Where the Gun Owners Are

When John Cook published the names of New York City’s gun owners last week, he unwittingly gave those who ask with incredulity, “how could you be against a gun-owners registry” a one word answer: “Gawker.” His trick, however, was derivative: the Journal News had done the same thing on December 23. And, per the Daily Mail, in consequence:

At least two burglars broke into a house in White Plains, New York, on Saturday and headed straight for the gun safe.

This address and the owner’s name, registered on a permit for legally held firearms, had been published on the controversial gun map published by the Journal News on December 23.

The burglars couldn’t open the safe and the property owner wasn’t home. But this incident has led to speculation that the map is now being used by criminals for targeted gun theft.

It is beyond me why one would need to know who owns guns in their area, unless one thinks that those who go to the trouble of registering their firearms represent an immediate threat. (Hint: They don’t.) In truth, all that the Journal News achieved was to give local criminals a list of where a collection of valuable items are kept. For all the good it did, the paper might as well have announced where the widescreen televisions and expensive cars are housed.
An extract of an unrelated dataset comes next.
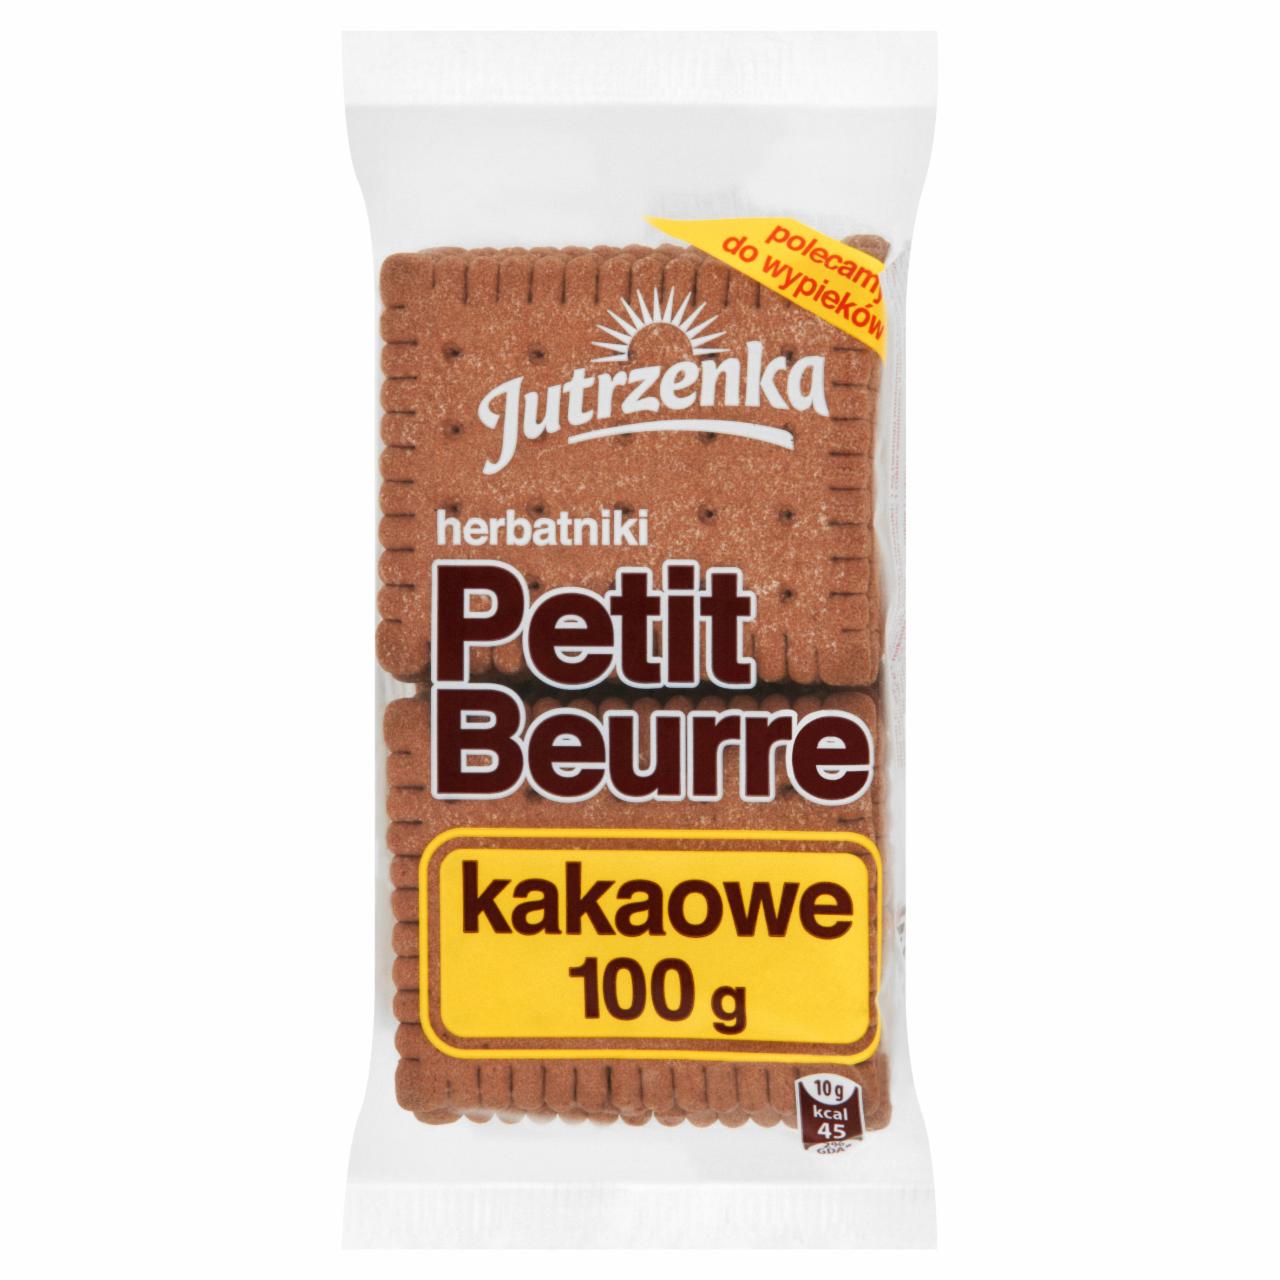 Zdjęcia - Jutrzenka Petit Beurre Herbatniki kakaowe 100 g

There really is no good reason whatsoever that this information needs to be in the public domain. (Or, for that matter, to be collected in the first place — but that’s a separate argument.) That it is in the public domain is one reason why so many people are skeptical of government keeping tabs on them for exercising their basic rights, especially given the self-evident truth that criminals are rather unlikely to add their names to the rolls. As usual, it is precisely the people who are not a problem for society that end up being tracked and having their privacy compromised. ’Twas ever thus.